• **Activity**
The reply is to contain the full listing, repeated exactly, with pictures left out.

• **Data**
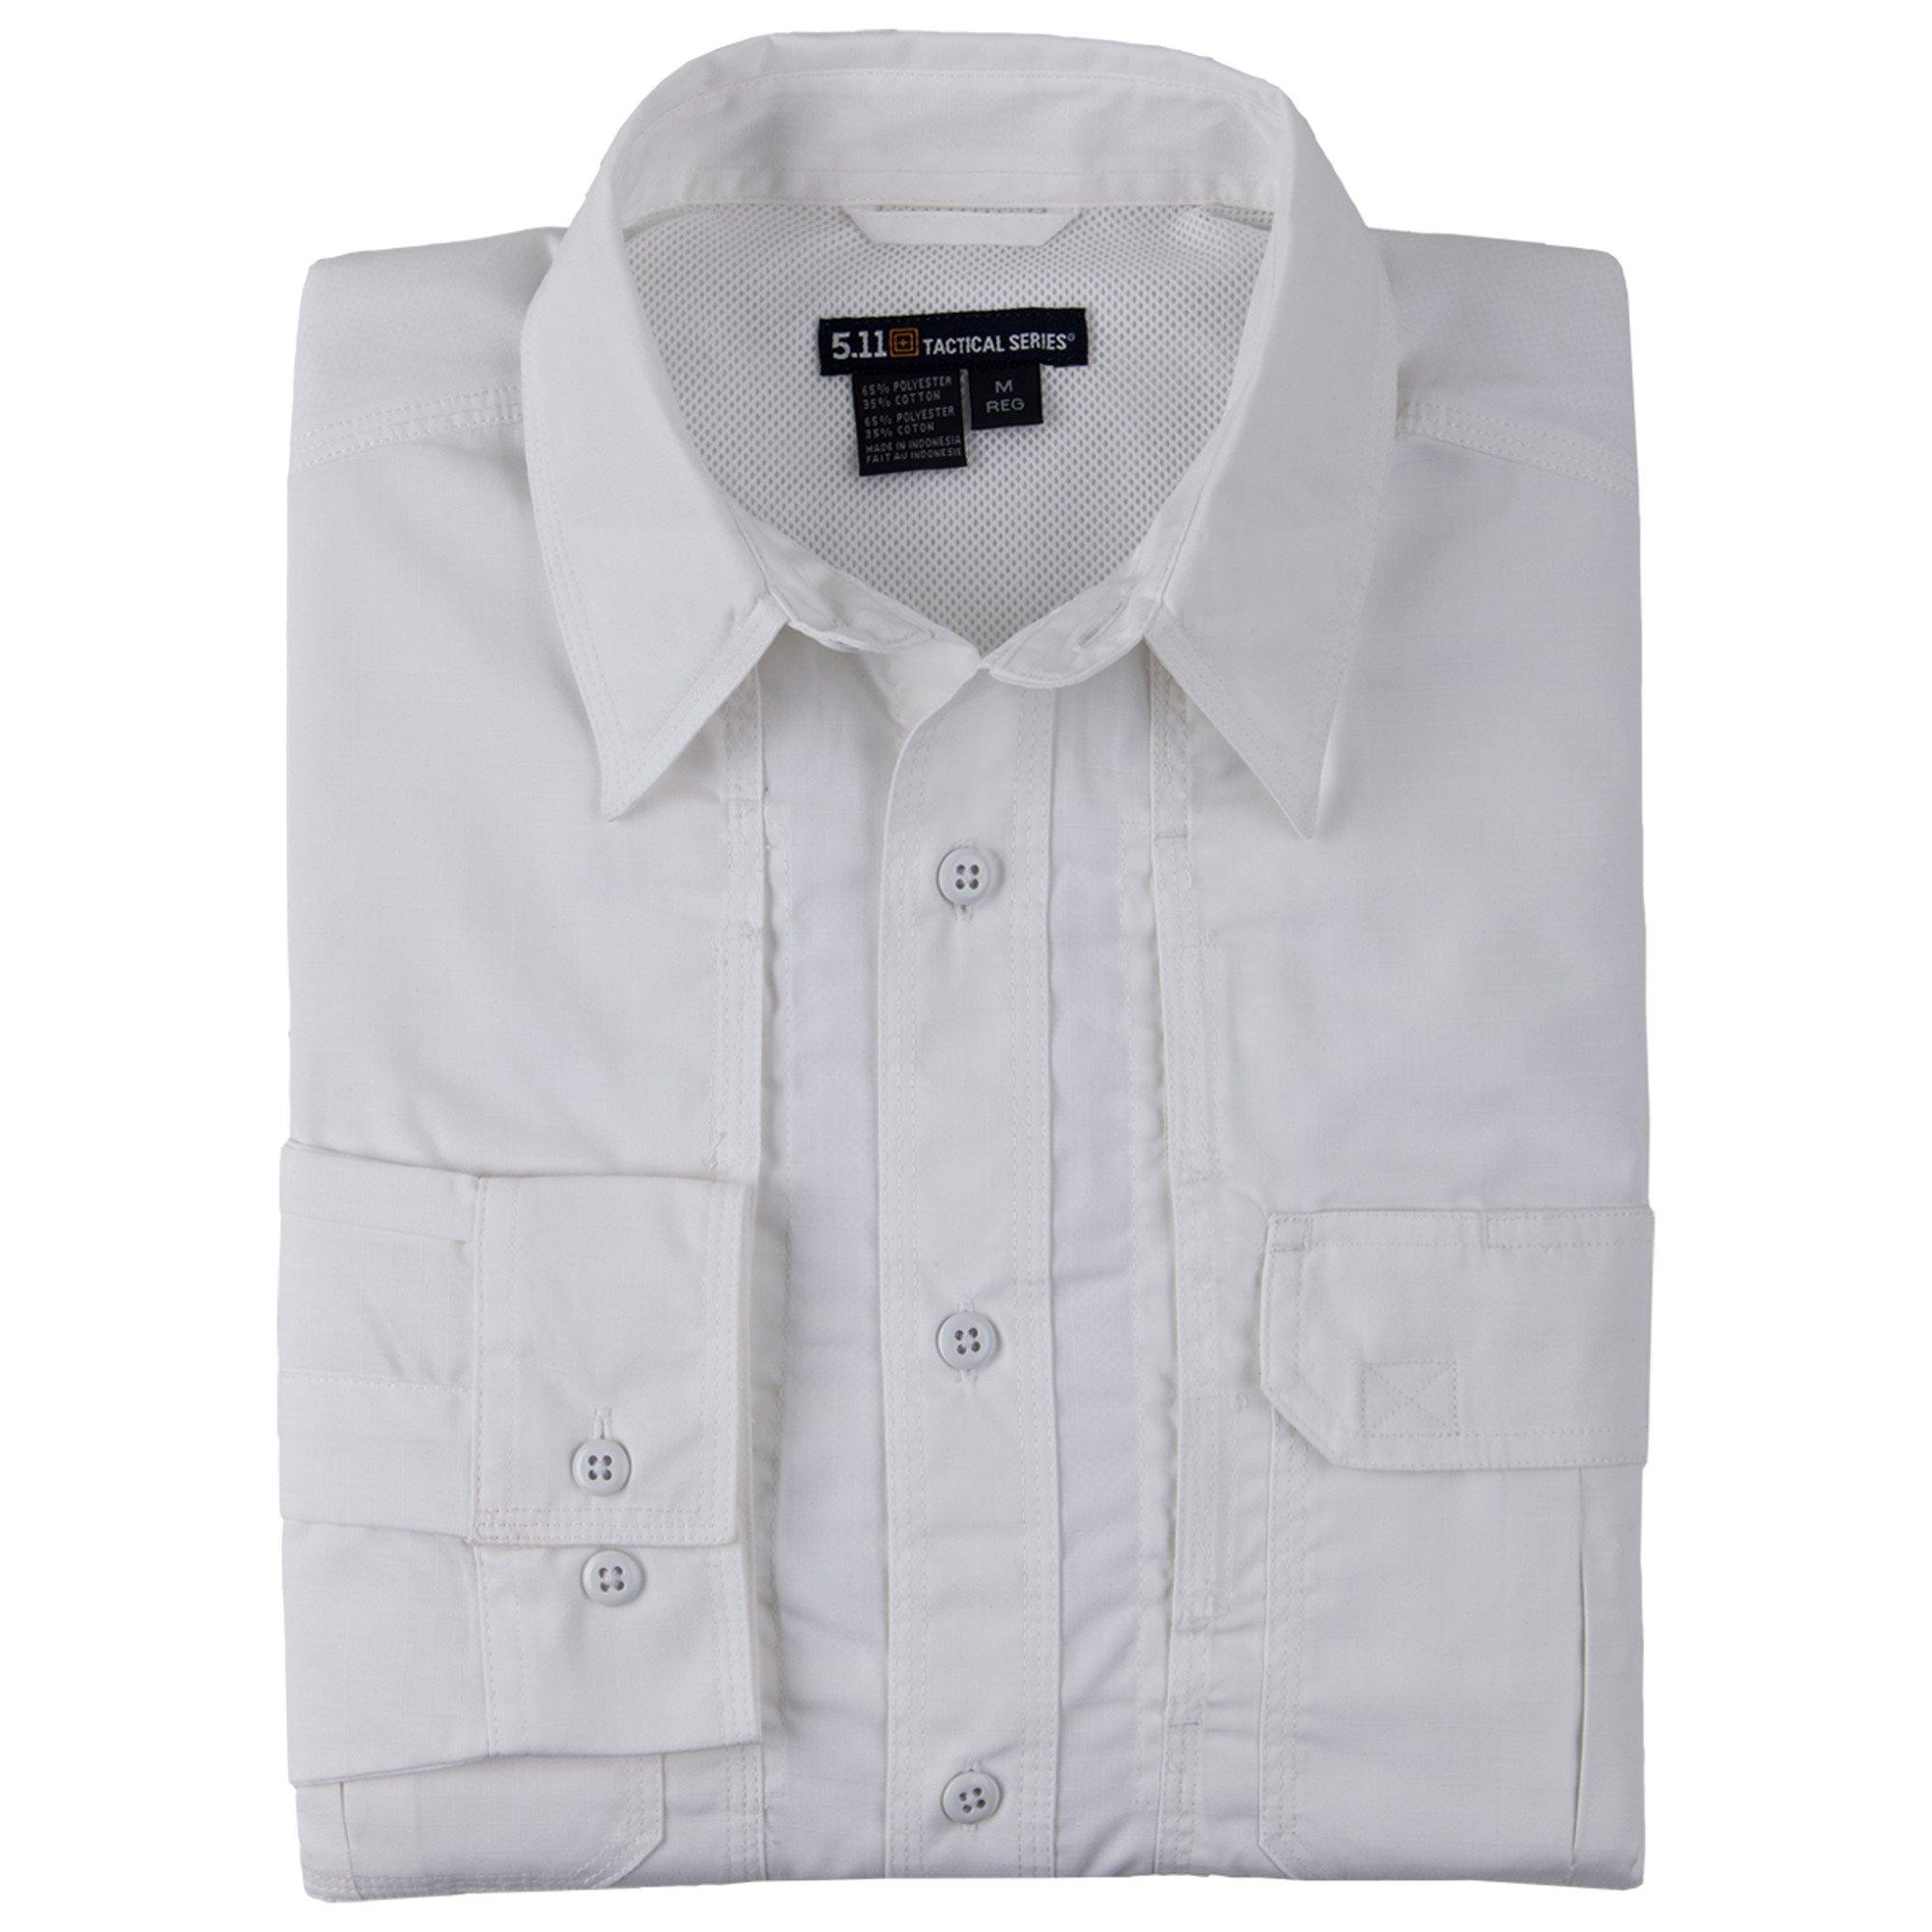 5.11 Tactical TacLite Professional Long Sleeve Shirt, White, Medium
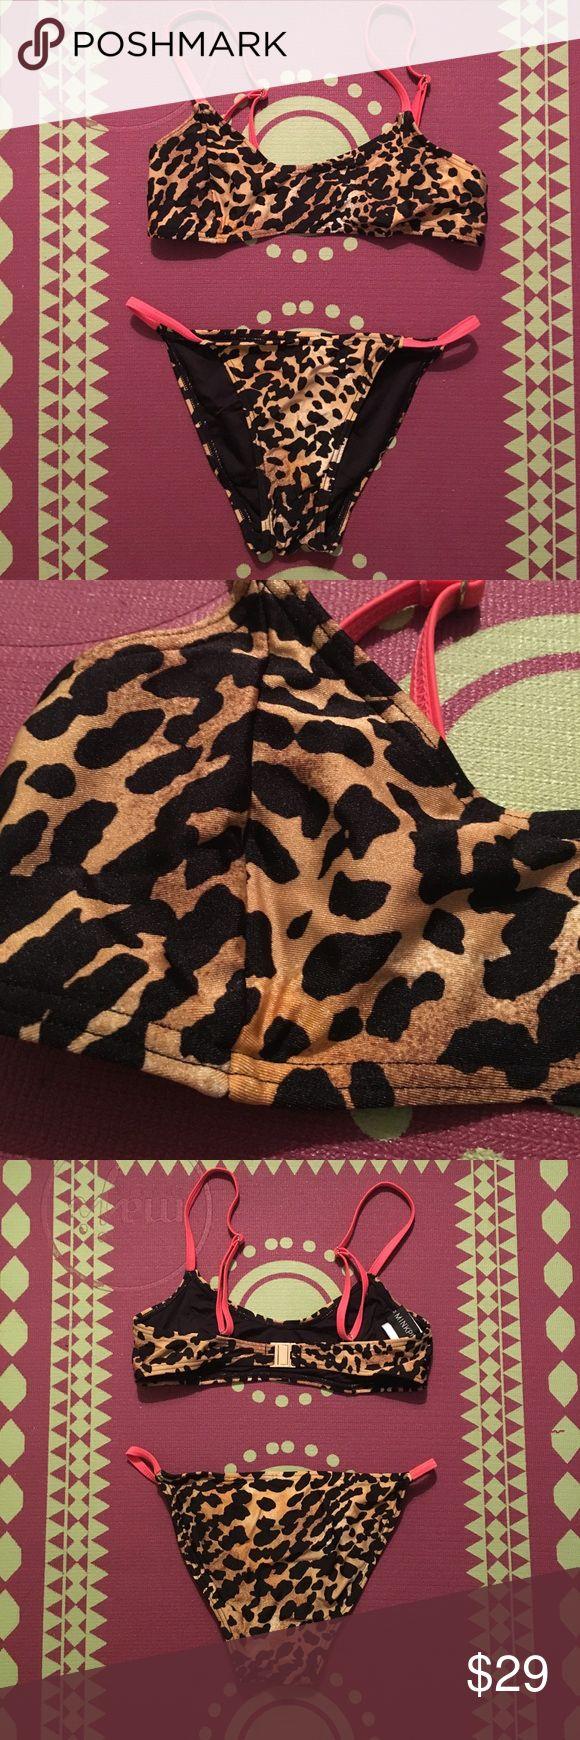 Minkpink Bikini Leopard print Minkpink bikini. Super cute and sassy. Top and bottom included. Size XS and true to size. Very gently worn, almost like new. No fading. MINKPINK Swim Bikinis
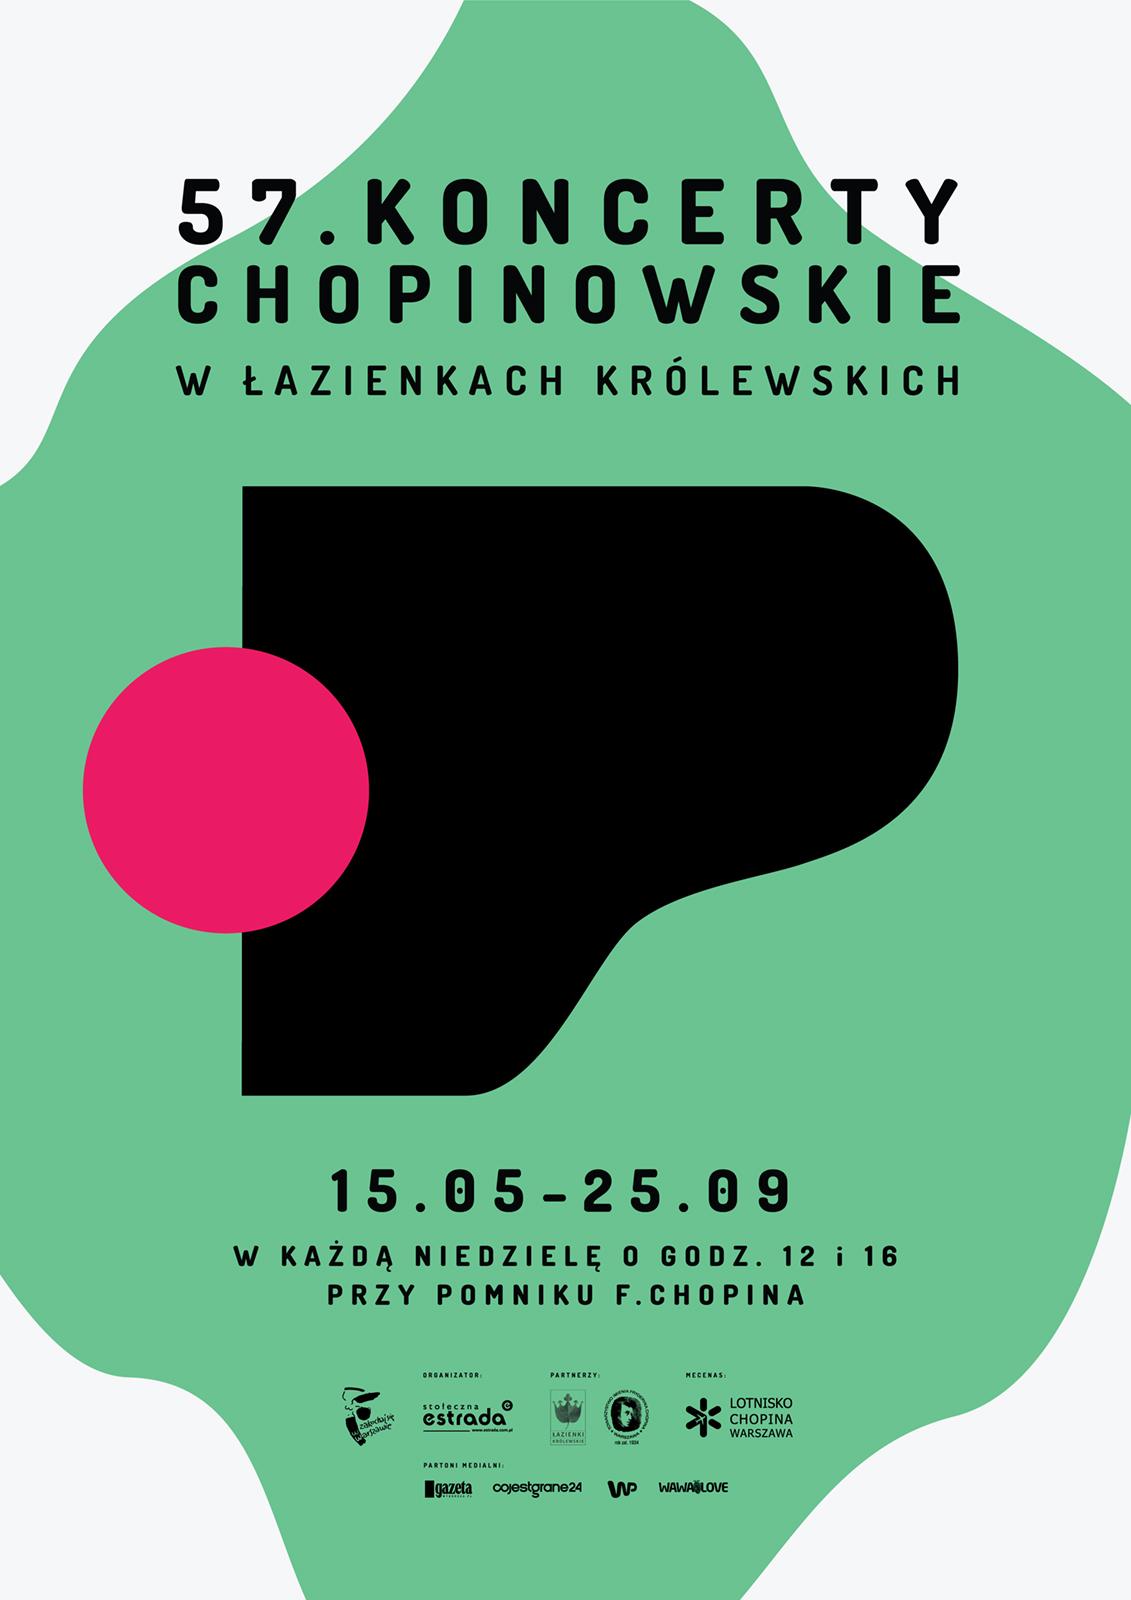 kohe-koncerty chopinowskie-plakat

• **Written solution**
 5.11 Tactical TacLite Professional Long Sleeve Shirt, White, Medium
 Minkpink Bikini Leopard print Minkpink bikini. Super cute and sassy. Top and bottom included. Size XS and true to size. Very gently worn, almost like new. No fading. MINKPINK Swim Bikinis
 kohe-koncerty chopinowskie-plakat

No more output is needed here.